I'm hoping to find an explicit construction for a sequence such that $\sum a_n = 0$ but $\sum \frac{a_n}{n} = \infty$, or a proof that one cannot exist. So far, I have a good idea of how we can increase the value of the sum up to infinity. For example, we could construct a sequence like this (a_n shown in red):
It stays constant for a while, and then that constant part is canceled by a large negative term. Because the flat part becomes smaller and smaller, the partial sums (shown in green) will eventually go to zero.
We now have that $\sum \frac{a_n}{n} > 0$, since the negative terms occur later, they will be smaller than the positive terms that occurred earlier. However, this method can only get something finite, more is needed to get the sum all the way to infinity.
Another thought is that we could rearrange the sum, but flipping the order in which the negative terms appear. For instance, here I reverse the order of every group of 5 negative terms, so that larger negative terms occur later (flipped shown in black)
I'm fairly certain this is still insufficent to get out an infinite value (mainly since the effect will be neglible on the tail, so the partial sums of $\sum \frac{a_n}{n}$ still converge).
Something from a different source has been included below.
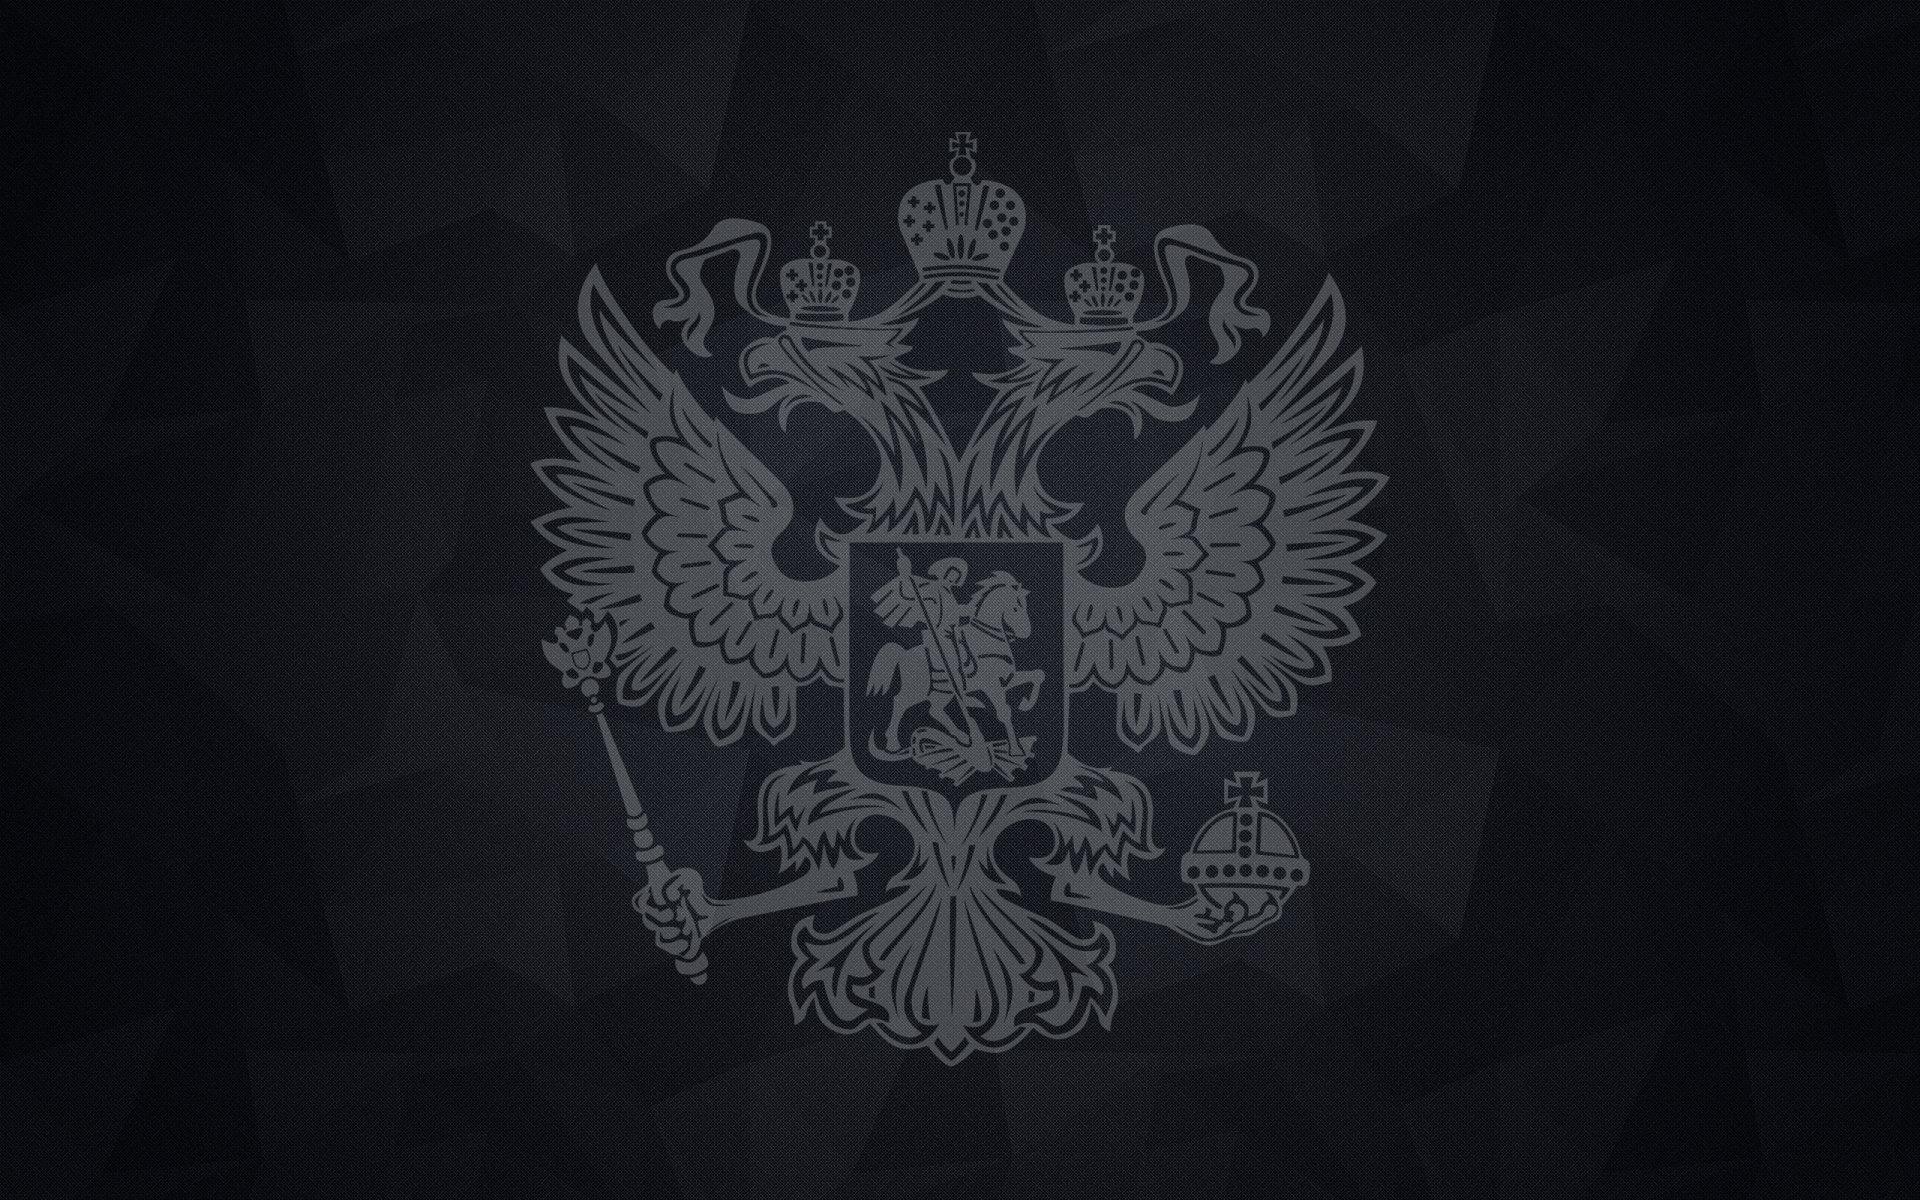 подобрали для герб россии картинку загрузить обои сможете заказать печать

What's interesting, is that this rearrangement hasn't effected the value of the original sum, we still have $\sum a_n = 0$.
Now, I know that by the Reimann rearrangement theorem, there is some rearrangement $\sigma (n)$ such that $\sum a_n = 0$ but $\sum \frac{a_{\sigma(n)}}{\sigma(n)} = \infty$ if $\frac{a_n}{n}$ is conditionally convergent. But, what I'm truly curious about, is if there is some $a_n$ such that $\sum a_{n} = 0$ and $\sum \frac{a_{n}}{n} = \infty$ when we are forced to evaulate the sum without rearranging (so, we sum the n=1 term, then the n=2 term, then the n=3 term, etc.).
I'm thinking this is possible, perhaps by reversing a larger and larger amount of consecutive terms, up to infinity at the tail, and being careful about making sure the original sum still converges, though I don't have a good idea of one would actually do this correctly.
Best Answer
This is just a more detailed version of Christian Remling's comment. Define, for each positive integer $n$, the partial sum $$\displaystyle A(n) = \sum_{k \leq n} a_k.$$ By the definition of limits of series, it follows that $0 = \lim_{n \rightarrow \infty} A(n)$. By abuse of notation, we also denote by $A(x)$ to be $\sum_{k \leq x} a_k$ even when $x$ is not a positive integer. Then partial summation gives $$\displaystyle \left \lvert \sum_{n \leq x} \frac{a_n}{n} \right \rvert = \left \lvert \frac{1}{x} A(x) + \int_1^x \frac{1}{t^2} A(t) dt \right \rvert \leq \frac{|A(x)|}{x} + |A(x)| \left(1 - \frac{1}{x} \right) = |A(x)|,$$ which tends to $0$ as $x \rightarrow \infty$. Actually, we just need that the right hand side is bounded. This suffices for the proof.